|
Info Guide NET002: NetWare Server Tuning and Optimisation This document was written to give an overview of the factors that affect the performance of a server, and the changes that can be made in both hardware and software to optimise the performance of the server. It is NOT intended to be an in-depth guide, and does not cover all the factors that may relate to performance-tuning a server. It is intended that this document be used as a guide, with reference being made to the relevant product manuals for a more in-depth description of the options available. Also worth reading are a number of Novell Application Notes that have been issued on server tuning and performance optimisation. The document is split into three sections, namely the server hardware, operating system tuning parameters, and the application software in use. Not covered are aspects such as the workstation hardware, the topology used and the network protocols used, although these will also play an important part in the performance of the system. 1.1. CPU 2. Operating System 2.1. File Cache Parameters 3. User Software 3.1 Introduction
The first stage of server performance tuning and optimisation is to identify potential bottlenecks in the hardware of the server in question. These can be the CPU, the memory, the network adapter, and/or the disk sub-system. During the following discussions, the basic file server performance graph below will be used to illustrate the various aspects of server tuning. This graph assumes that for a given configuration, the server hardware is optimised, and shows how, as server usage increases, the number of transactions per second increases, until you reach a threshold where the server disk cache hits are at their maximum, and the throughput on the network adapter is also at maximum. As this threshold is passed, transactions per second start to decrease as the disk cache hit rate reduces and more and more data is having to be pulled directly from the disk sub-system.

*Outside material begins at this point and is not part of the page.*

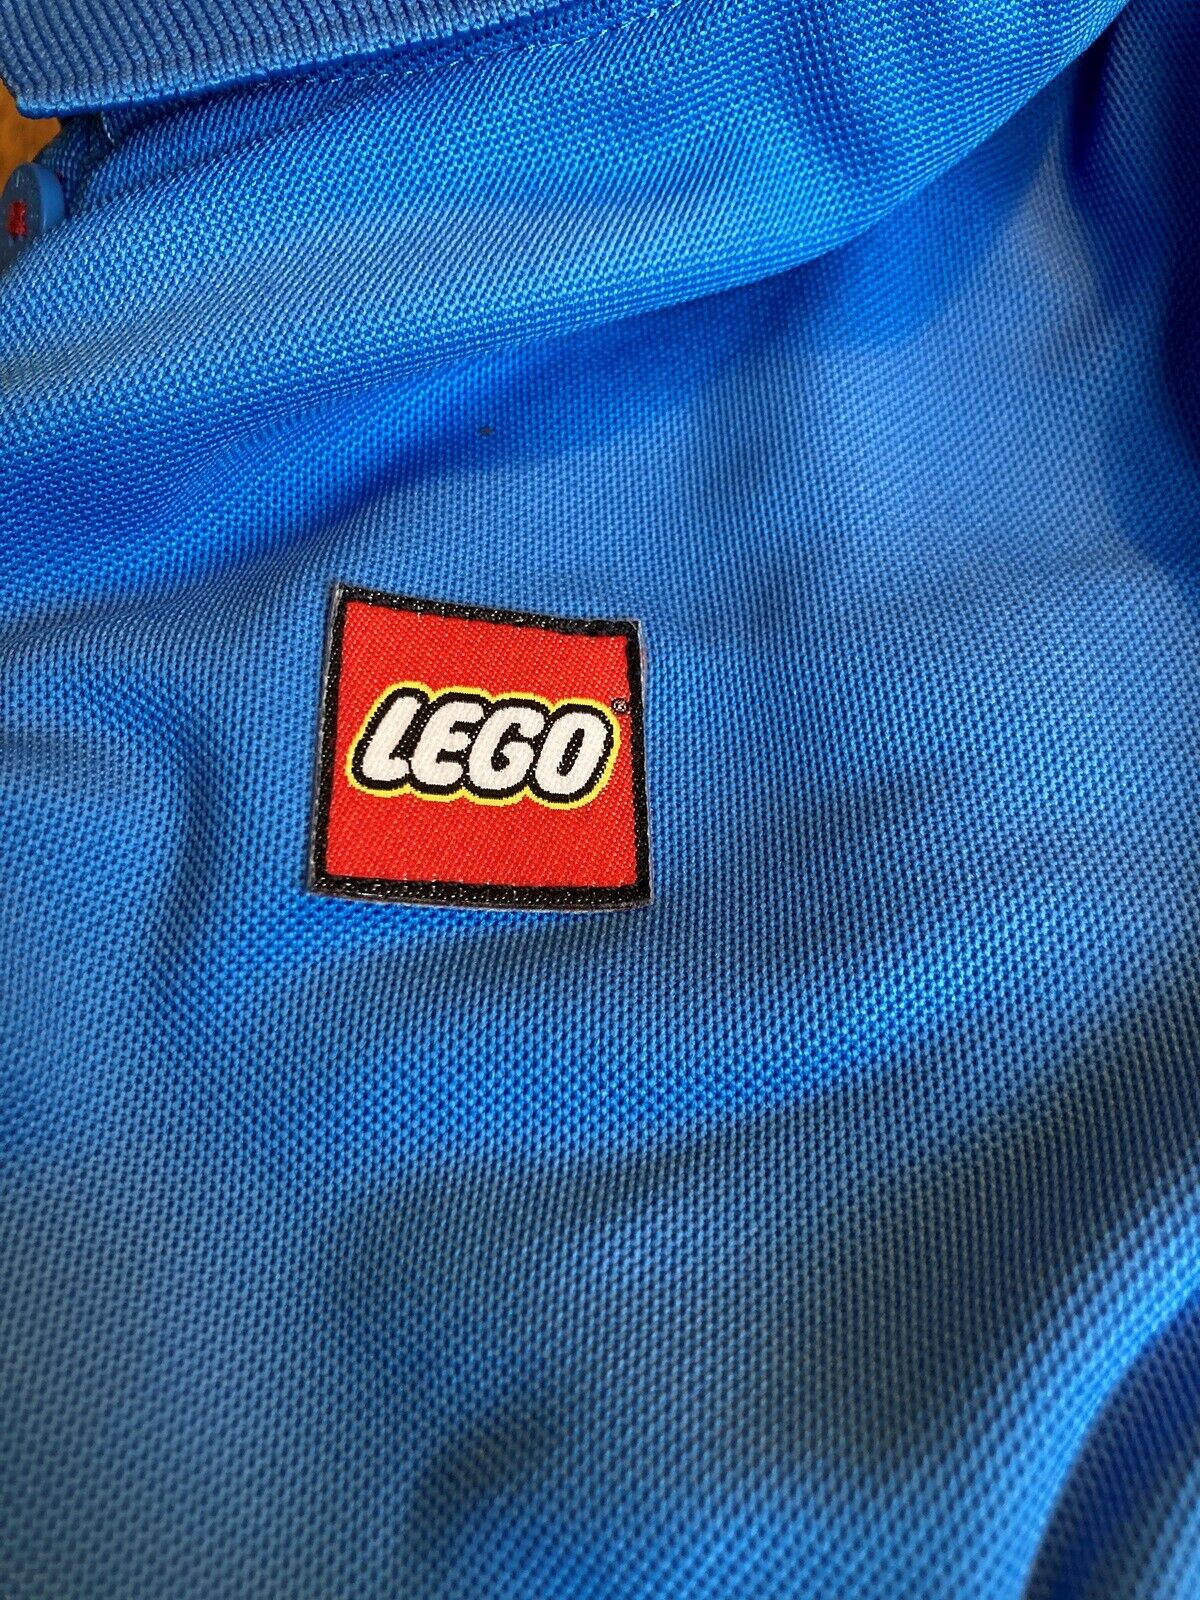 Lego andet, Medarbejder t-shirt

1.1. CPU A general statement made by Novell regarding CPUs under NetWare is that the faster the CPU the better, especially when the server is acting as a database server, where a 486/66 or greater is recommended. Having said that, not all server operations are server CPU intensive, and there are a number of steps that can be taken to reduce CPU loading, therefore reducing the need for faster and better processors in the server. The most important of these steps is the use of bus-mastering or parallel tasking adapters for the disk and network interfaces. The CPU must execute instructions for each user I/O request. Insufficient processor speed degrades the servers I/O performance. Increasing processor speed beyond what is required will have little impact on response time and performance, however it does improve the capacity to add extra users. Also, as I/O performance of network and disk sub-systems improves, CPU performance load increases, requiring either faster CPUs, or some means of reducing the workload of the CPU.

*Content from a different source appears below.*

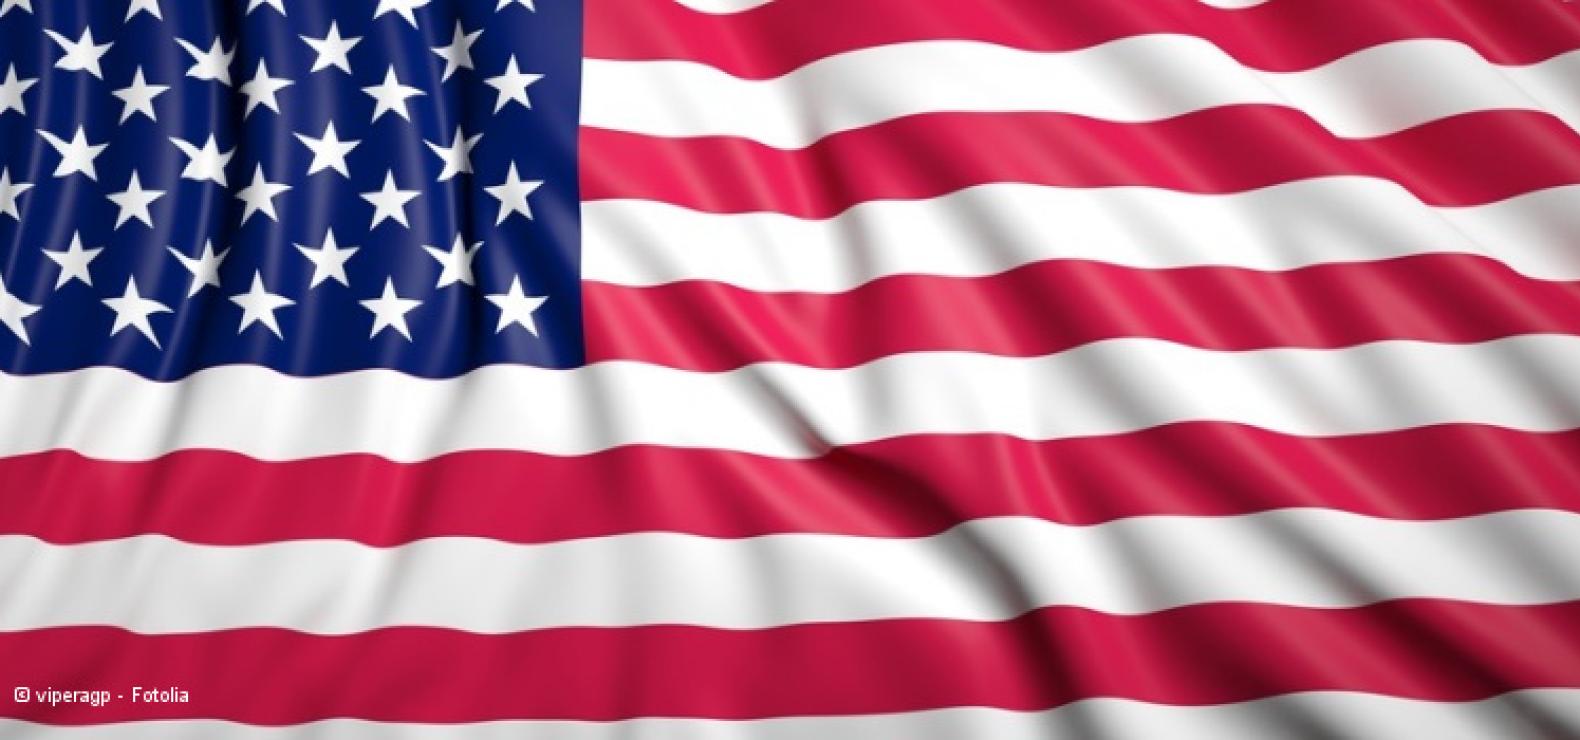 Flagge der USA mit Faltenwurf: rote und weiße Streifen und dazu links oben ein blaues Rechteck mit weißen Sternen

Bus-mastering cards reduce the CPU loading on servers dramatically. Tests by IBM show a typical CPU load can be reduced to less than 20% (over normal non-bus-mastering adapters) for a given operation by implementing bus-mastering technology in servers. The effect of adding bus-mastering cards on CPU utilisation is typically increased user capacity, as there is less CPU load involved in disk and network I/O, although on a server that is already showing insufficient CPU resources, there should be a noticeable increase in server performance, as the processor is spending less cycles executing I/O instructions. Parallel tasking LAN cards, such as the 3C5x9 EtherLink III range from 3Com reduce the CPU loading by performing separate tasks in parallel to transfer data with greater efficiency. Tests carried out by LANQuest Labs in an IBM PS/2 model 95 show that for most typical workloads, the parallel tasking 3C529 will out-perform the single tasking 3C527 (a bus-mastering card) by up to 52%, only falling behind when the network is at near saturation (when the 3C527 is 10% faster). In general, most currently installed 486 based servers have ample CPU performance, typical bottlenecks are in the network and disk sub-systems. 1.2. MEMORY Adding memory to a NetWare server improves the disk cache hit rate, improving temporarily the sustained throughput rate of the server. The performance improvements will however degrade as additional users are added. Also, the benefits of extra memory are dependant on other server hardware factors. A higher disk cache hit rate will imply an increase in network utilisation. A slow network adapter will therefore minimise the impact of adding additional memory. Also, a higher disk cache hit rate implies higher CPU utilisation, and poor CPU performance can also reduce the impact of adding extra memory.
1.3. NETWORK ADAPTER Adding faster network adapters will affect server performance by improving the maximum peak transaction rate. Under heavy loads however, the performance improvement will only have a slight effect, as the server will be disk-bound. Also, as network adapter performance improves, increased CPU time is required to service additional requests, therefore an increase in server CPU performance is required. Using bus-mastering or parallel tasking network adapters will reduce the CPU impact while still preserving the performance benefits of faster cards.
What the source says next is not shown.